# Offbeat Ducking mit silent Bassdrum



## mave303 (11. Februar 2010)

Hi,ich benutze Cubase und suche eine Möglichkeit ein generiertes Rauschen offbeat zu side chainen.

Am besten durch ne Bassdrum getriggert, die aber silent ist. Bzw gibt es auch andere Möglichkeiten? Der Vanguard Multiband Sidechain erlaubt nen HOST trigger, der immer offbeat einsetzt. Aber das Plugin besitze ich nicht.

Jmand ne Ahnung wie ich das realisieren kann ?


----------



## sight011 (12. Februar 2010)

Welche Version von Cubase nutzt Du überhaupt? Früher war es nur möglich einen Side-Chain in beispielsweise: Pro-Tools zu verwenden.


----------



## bokay (14. Februar 2010)

Hallo,

side-chainen an sich heißt nur dass etwas mit einem sogenannten Trigger-Signal gesteuert wird.
Du willst das es rauscht wenn keine BD spielt und dass das rauschen weg ist wenn die BD spielt? Am einfachsten mit einem Gate, welches einen Sidechain Input besitzt... ;-)
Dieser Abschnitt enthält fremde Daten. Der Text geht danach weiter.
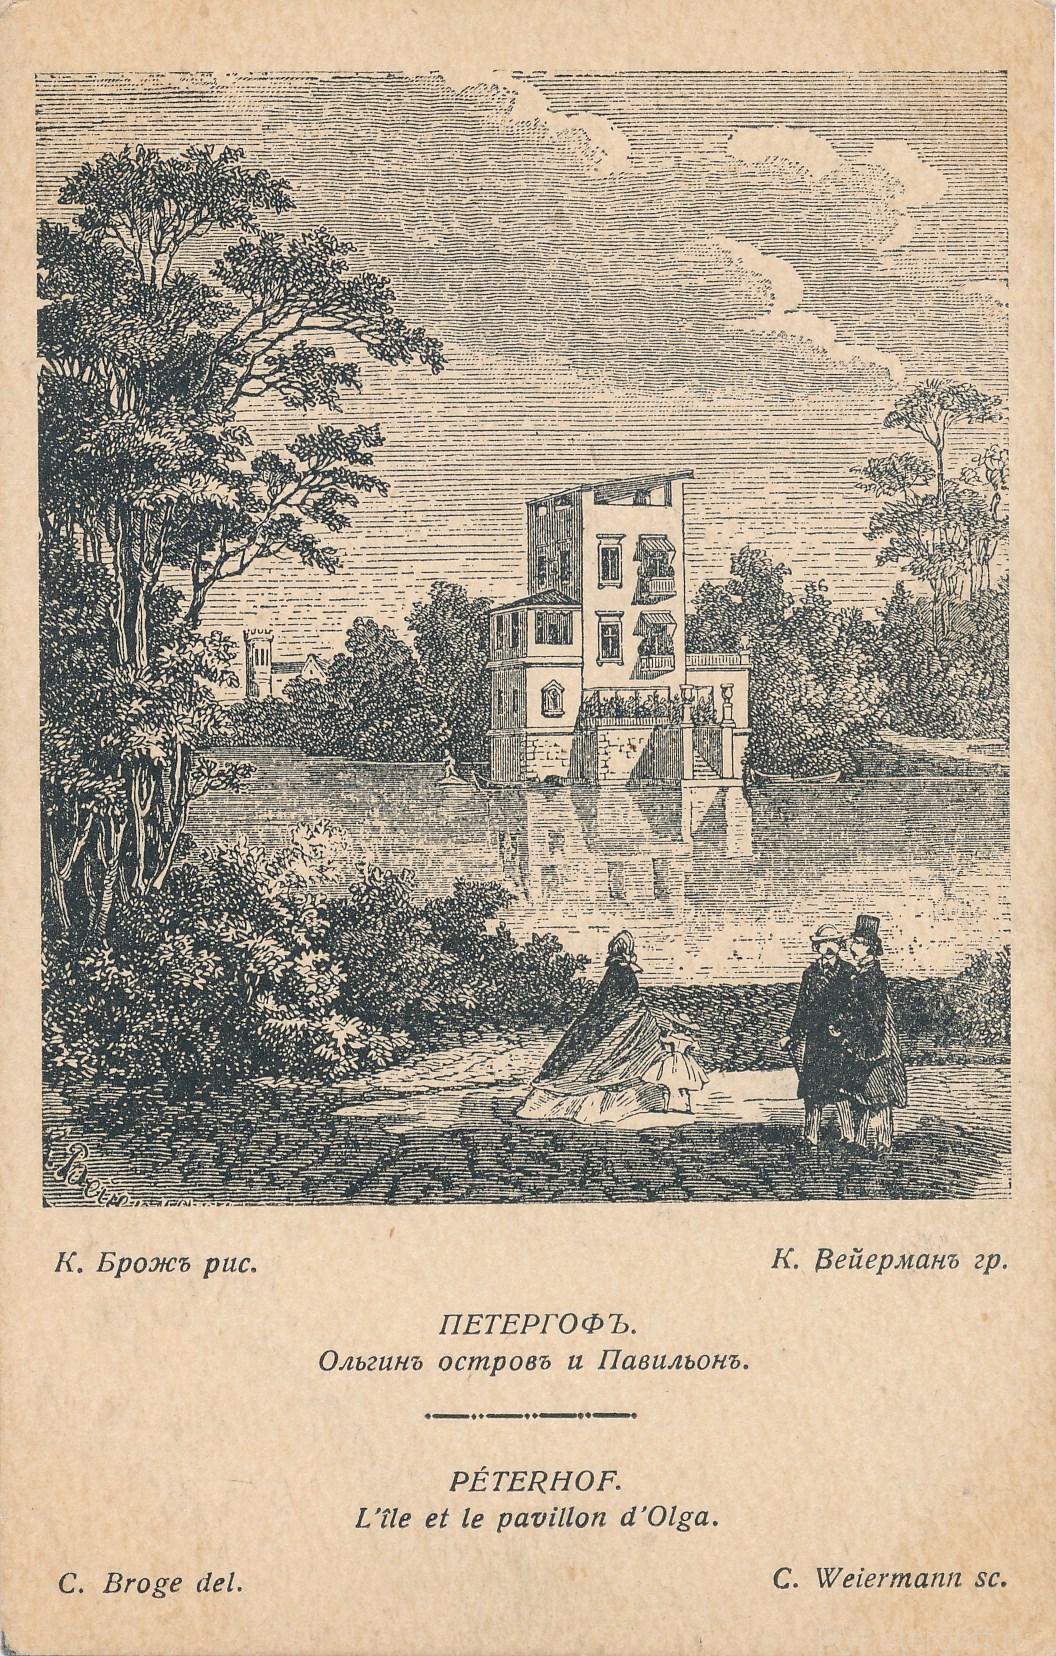 Ольгин остров и павильон
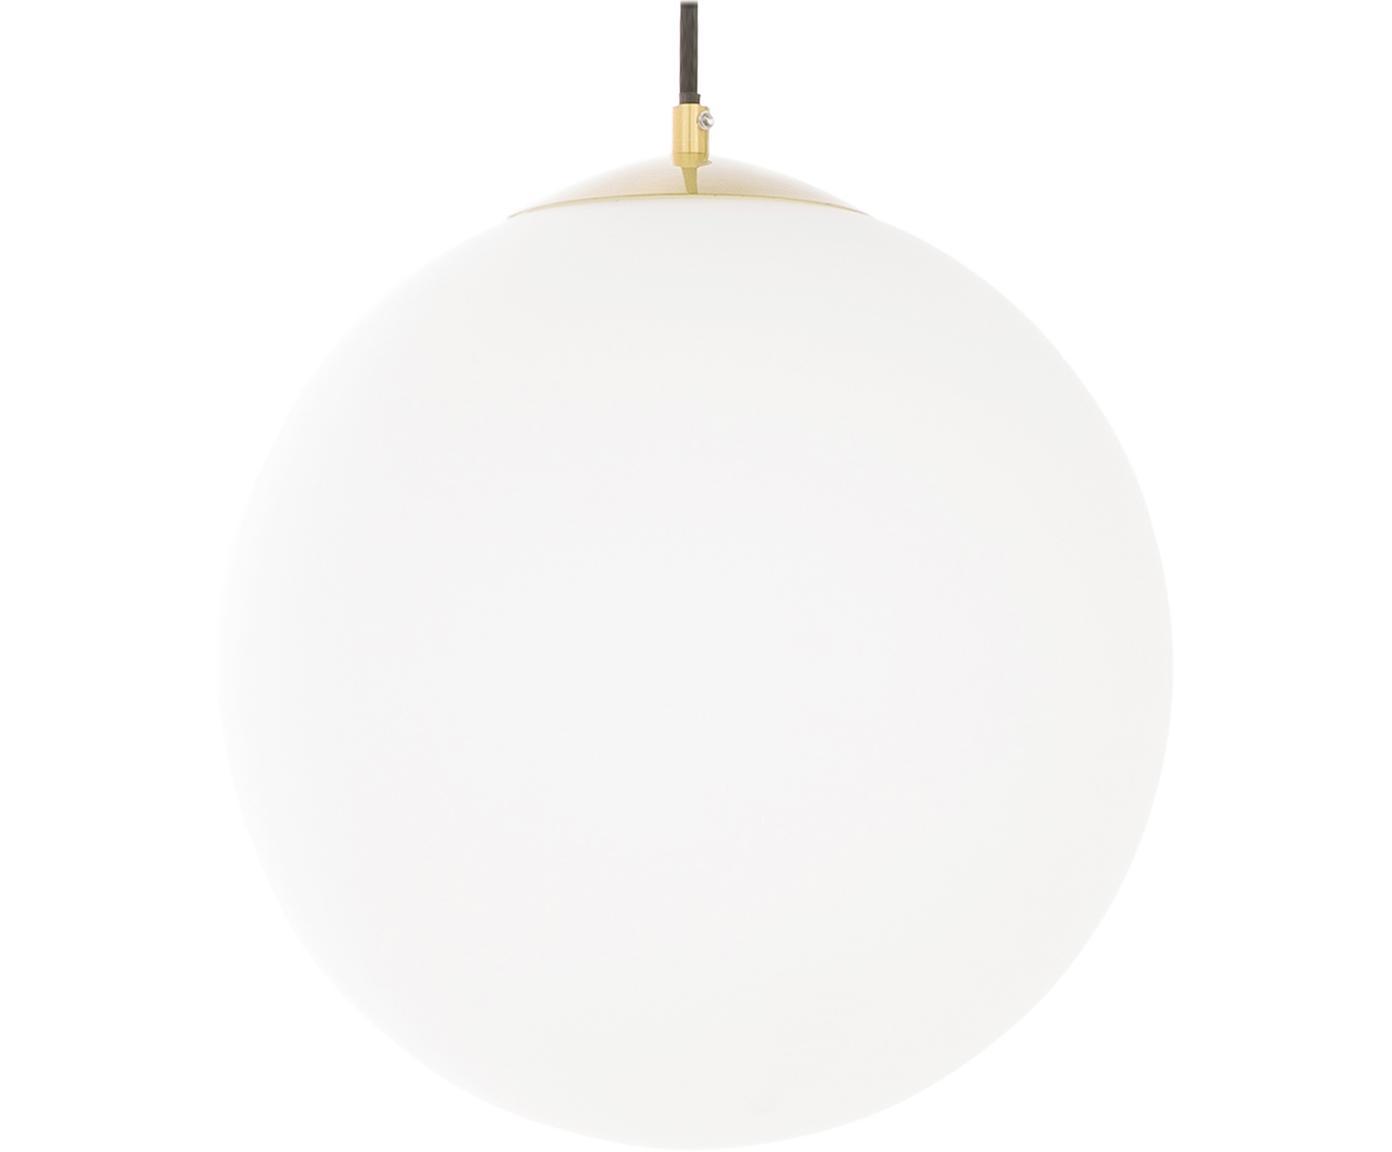 Lampada a sospensione a sfera in vetro Beth, Paralume: vetro, Bianco, ottone, Ø 30 cm

Welche Cubase Version verwendest du?
Welche PlugIns besitzt du?

@Sight, alter Kollege, Sidechain ging mit Umwegen schon immer irgendwie (je nach PlugIn) Durch VST3 ist es im Moment halt so komfortabel wie sonst nirgends


----------



## sight011 (14. Februar 2010)

ok - Sagen wir einfach in Pro - Tools war esschon immer komfortable und in Cubase ging es auch schon immer aber wie dieses tutorial zeigt war es wohl echt aufwendiger:

http://www.delamar.de/tutorials/cubase-sx-3-sidechaining-tutorial-879/



@ mave303 welche Version hast Du denn jetzt (Sequenzer)?


----------